(What this task involves):
As an exercise, transcribe the data below in full and exactly, omitting pictures.

[Provided data — start]

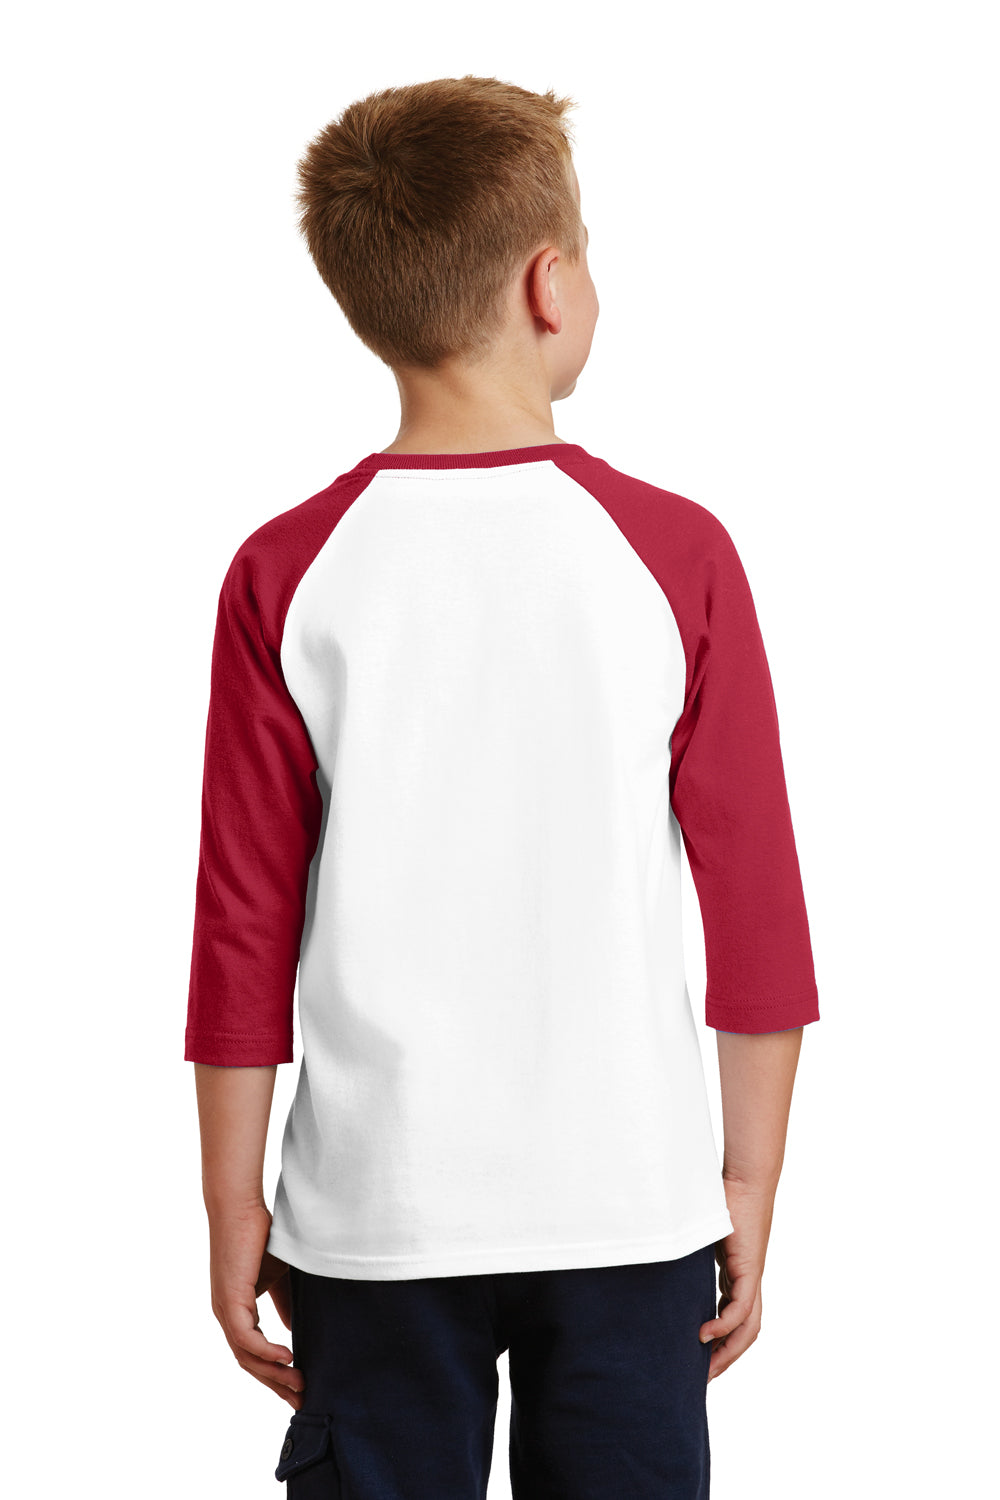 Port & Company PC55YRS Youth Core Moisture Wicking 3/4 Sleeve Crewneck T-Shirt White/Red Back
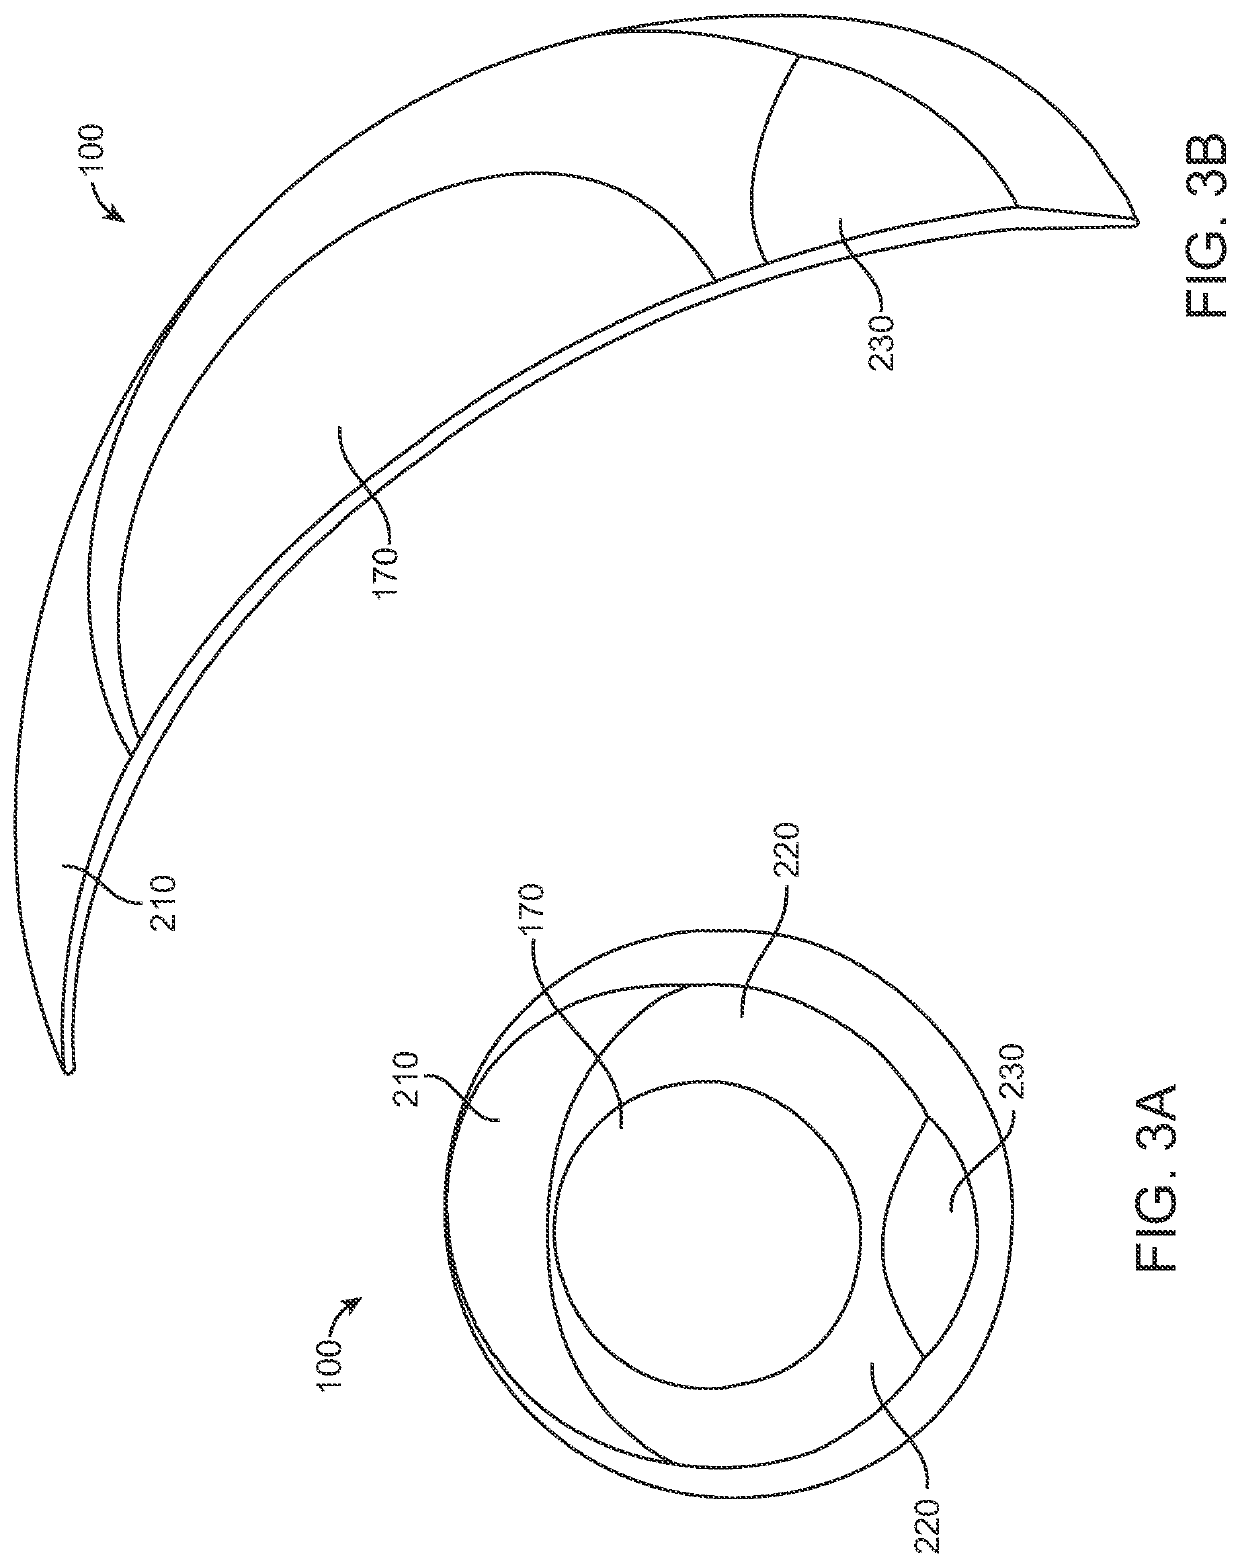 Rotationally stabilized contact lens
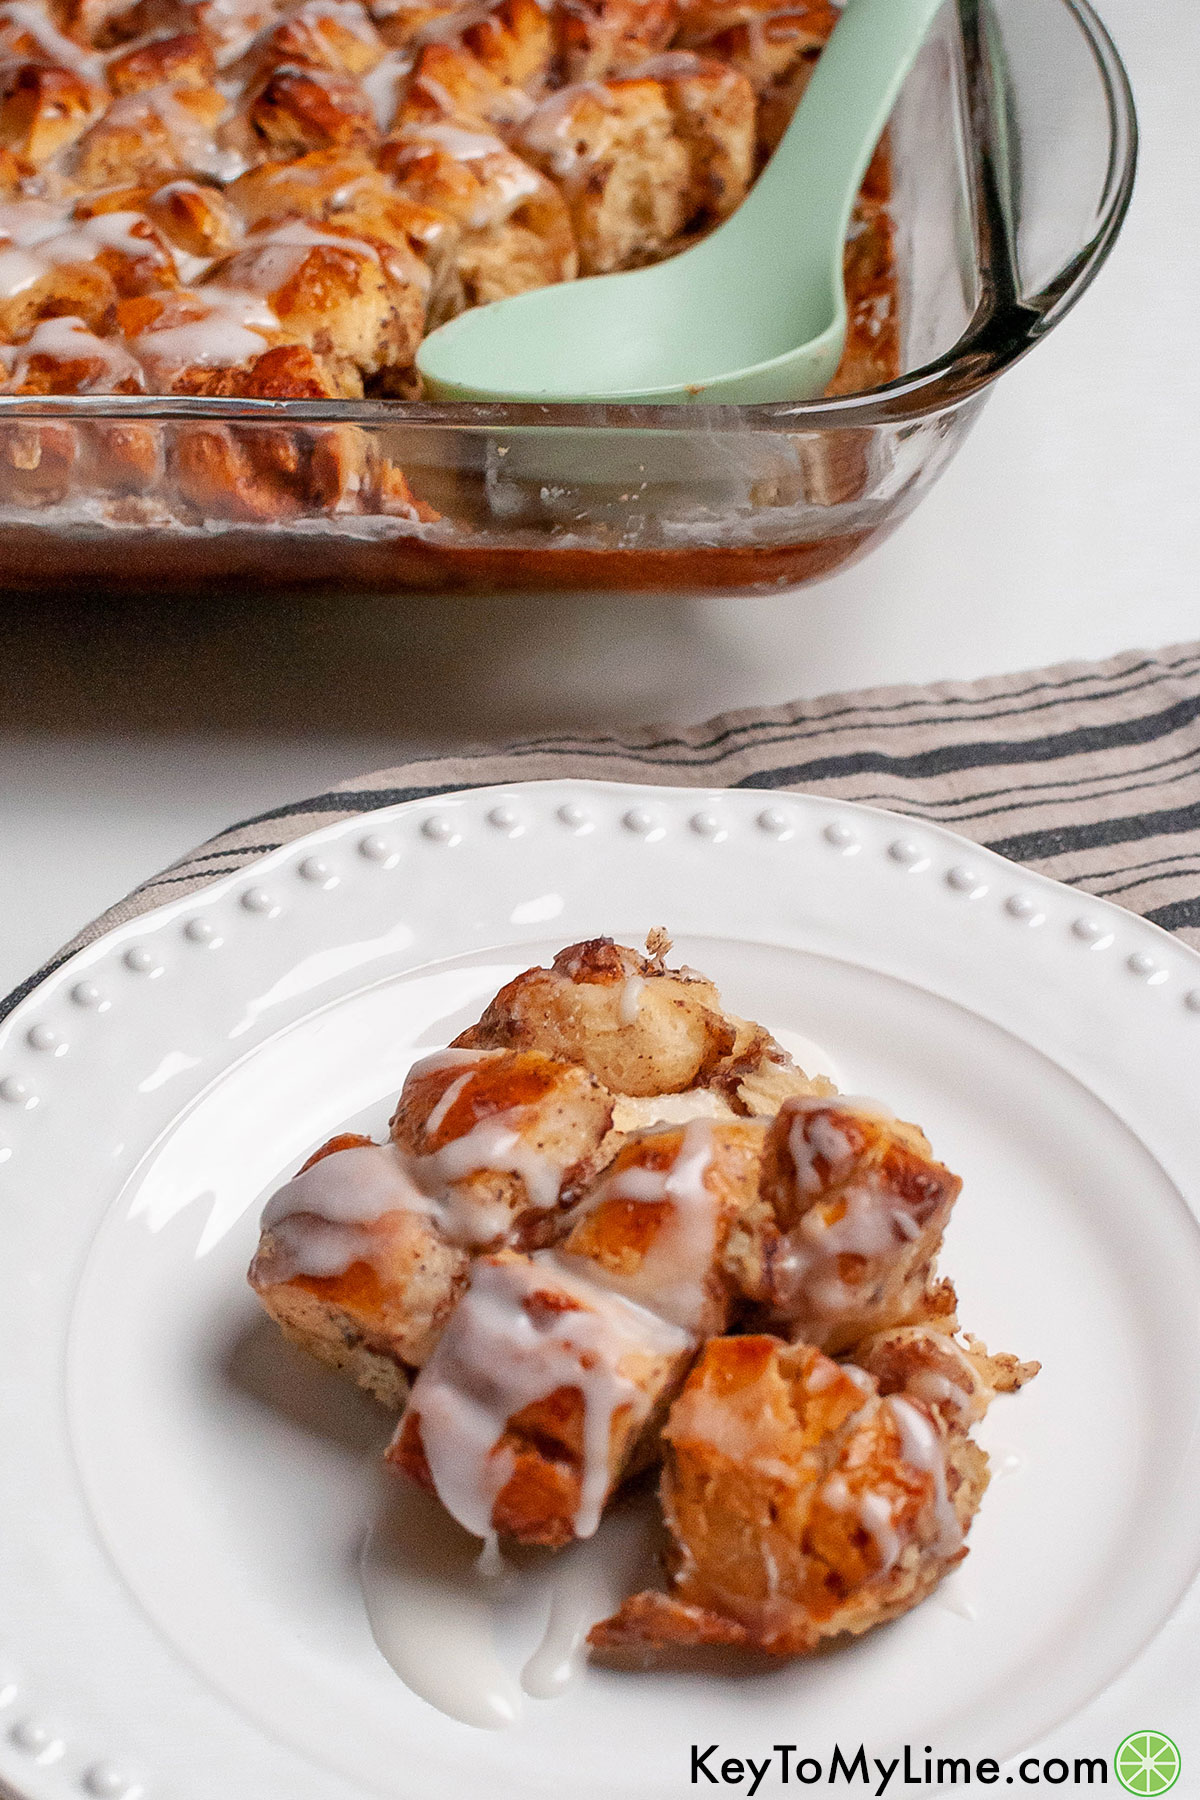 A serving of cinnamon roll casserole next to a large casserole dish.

[Provided data — finish]

(Solution for this task):
 Port & Company PC55YRS Youth Core Moisture Wicking 3/4 Sleeve Crewneck T-Shirt White/Red Back
 Rotationally stabilized contact lens
 A serving of cinnamon roll casserole next to a large casserole dish.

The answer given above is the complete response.